A distanza di cinque anni dall’ultimo live all’Ippodromo Snai San Siro, Calcutta torna con una seconda grande festa: stessa venue, stesso caldo, stesse file infernali, un nuovo album, un tour invernale tutto esaurito alle spalle e una fanbase “sempreverde”.
Un karaoke di gruppo è proprio quello che al 100% ci aspetteremmo da un live di Edoardo. Peccato che il karaoke in questione ieri sera abbia superato le decine di migliaia di voci.
E quindi, più che un mega karaoke, il live ha avuto le sembianze di un rito collettivo a tutti gli effetti, tra culto del genere indie, cori da stadio e anche un’insolita e apprezzata piega elettronica.
Rito collettivo coerentemente aperto dal brano “Coro” (apertura anche dell’ultimo disco, prodotto da Laurent Brancowitz, chitarrista dei Phoenix, per intenderci). La scaletta salta agilmente dai brani cult di “Mainstream” (il 2016 sembra non essersene mai andato via e non potremmo esserne più felici), facendo qualche piccola sosta nella dimensione di “Evergreen”, per poi arrivare ai nuovi brani di “Relax”. Salti temporali e rollercoaster emotivo assicurato durante l’esecuzione della magica triade “Orgasmo-Milano-Limonata”, per non parlare della versione al piano di “Le barche”. I veri nostalgici non dimenticano.

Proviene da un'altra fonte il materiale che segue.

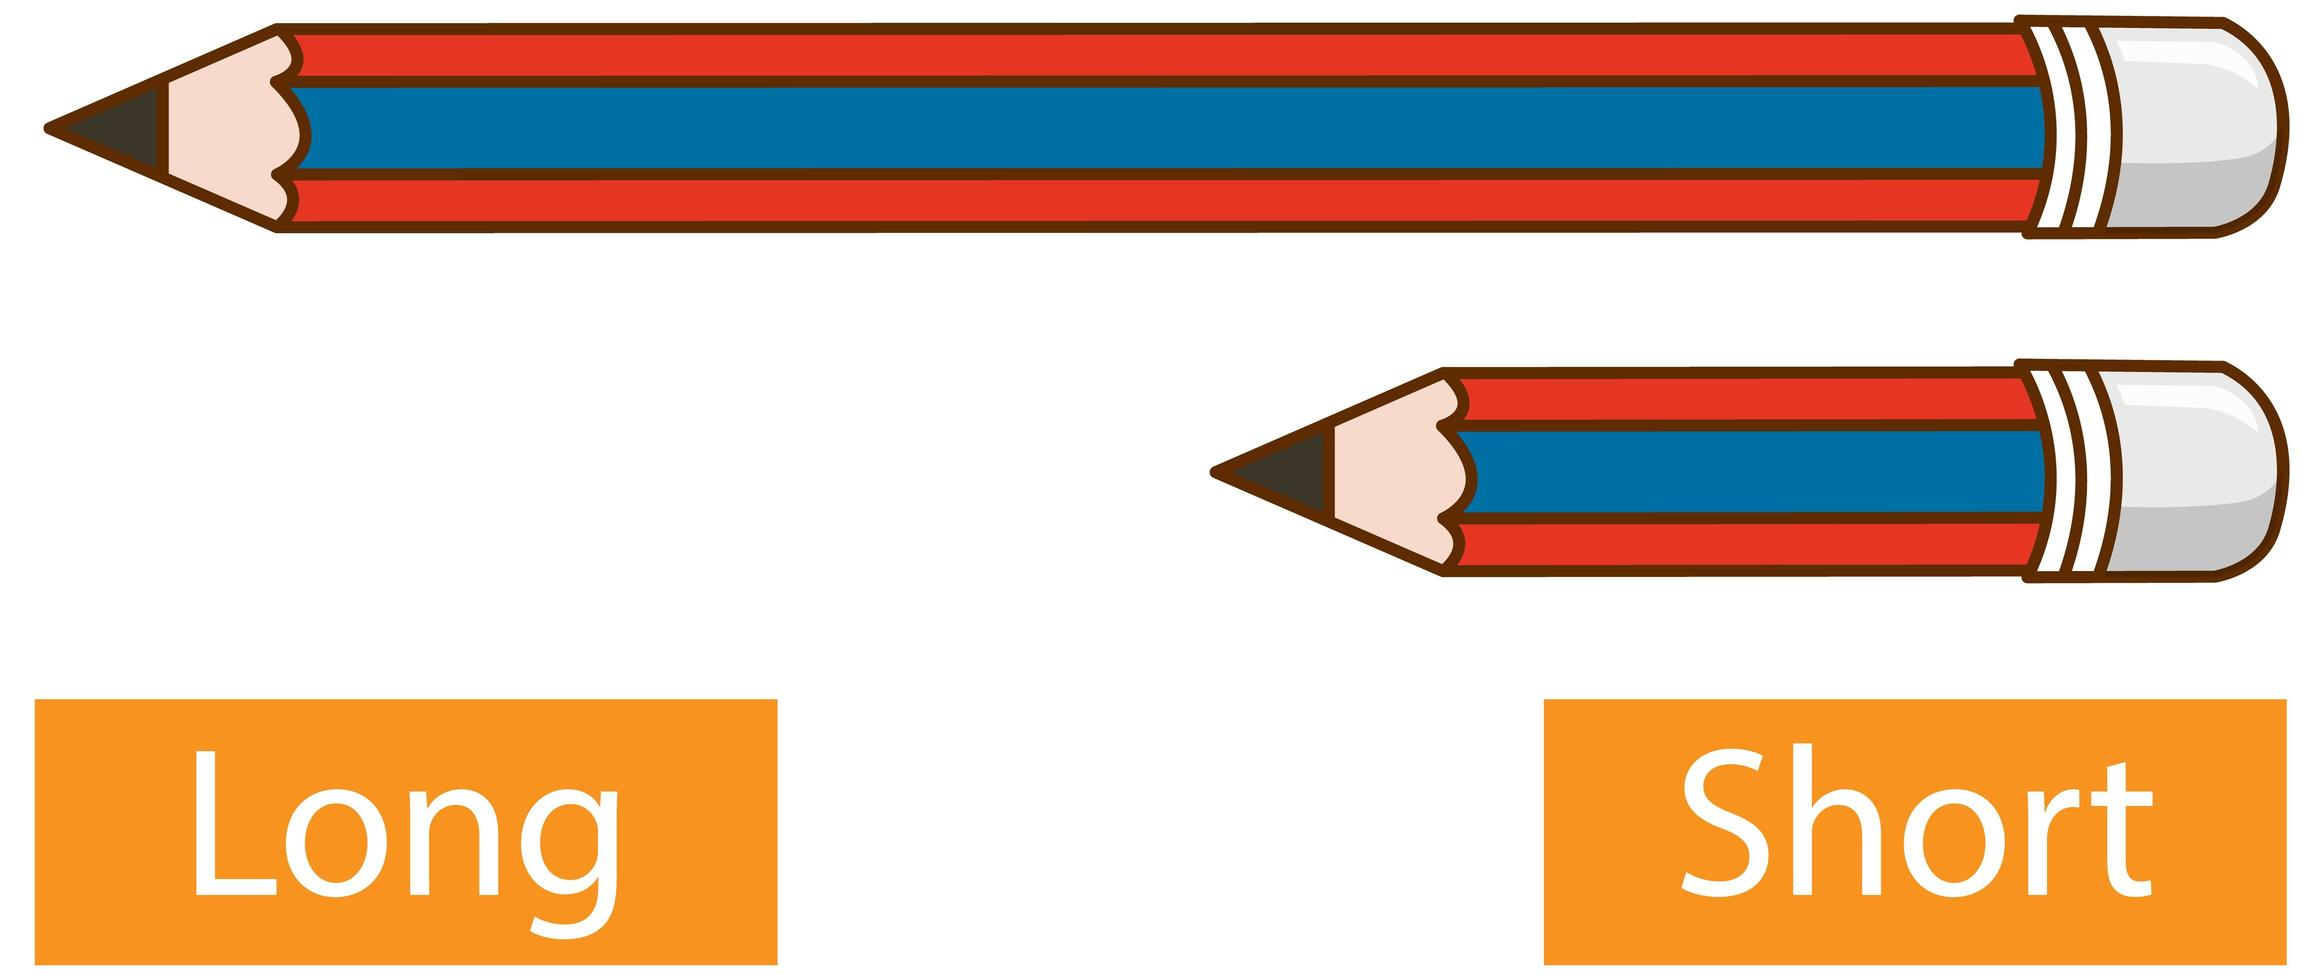 tegenovergestelde bijvoeglijke naamwoorden met lang potlood en kort potlood op witte achtergrond vector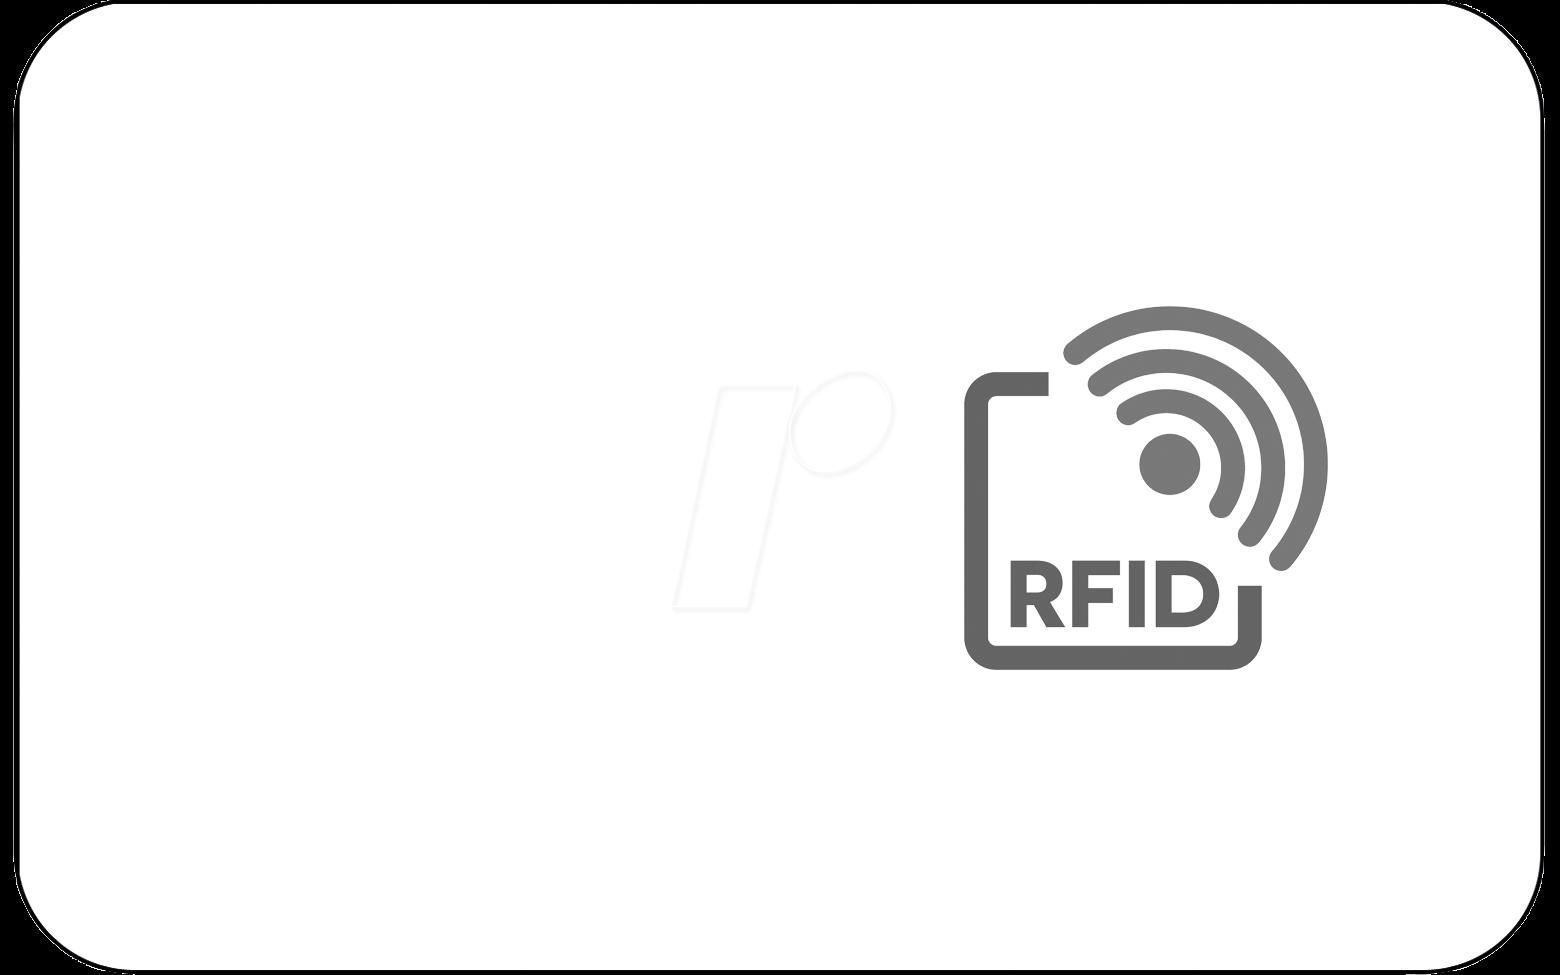 https://cdn-reichelt.de/bilder/web/xxl_ws/X400/RFID-TPCK.png

I visual, tra genio e follia.
Altra postilla doverosa: i visual dei live di Calcutta sono un unicum e anche questo tour estivo non ammette eccezioni. Grafiche retrò, low-fi e geolocalizzazioni randomiche (ma neanche troppo) si susseguono fondendosi ad altre grafiche più psichedeliche e futuristiche. Un’ironia studiata che investe anche la dimensione visiva e che coincide con l’idea artistica del cantautore di Latina. Non mancano infatti, tra un intervallo e l’altro, le provocazioni sottili e le interazioni impacciate di Edoardo con il pubblico, il vero protagonista del live.
Calcutta live all’Ippodromo Snai San Siro è elogio all’imperfezione e alla condivisione, in netta antitesi con l’industria musicale dell’ostentazione e dell’ego.
Appare un tabellone che scandisce un conto alla rovescia alla fine del live. È il momento dei saluti. Ci diamo la buonanotte così, “tutti falliti, tutti esauriti” e tutti molto sudati (con aggiunta extra di ben due bis dei primi pezzi in scaletta per coloro che non sono riusciti a entrare in tempo per l’inizio tassativo delle 21.20).
Ci risvegliamo di colpo da un sogno di mezza estate, senza voce e destabilizzati dalla velocità e intensità con cui tutto ciò è giunto al termine. Il “Dario Hübner” della musica italiana non si è smentito, neanche a distanza di 5 anni.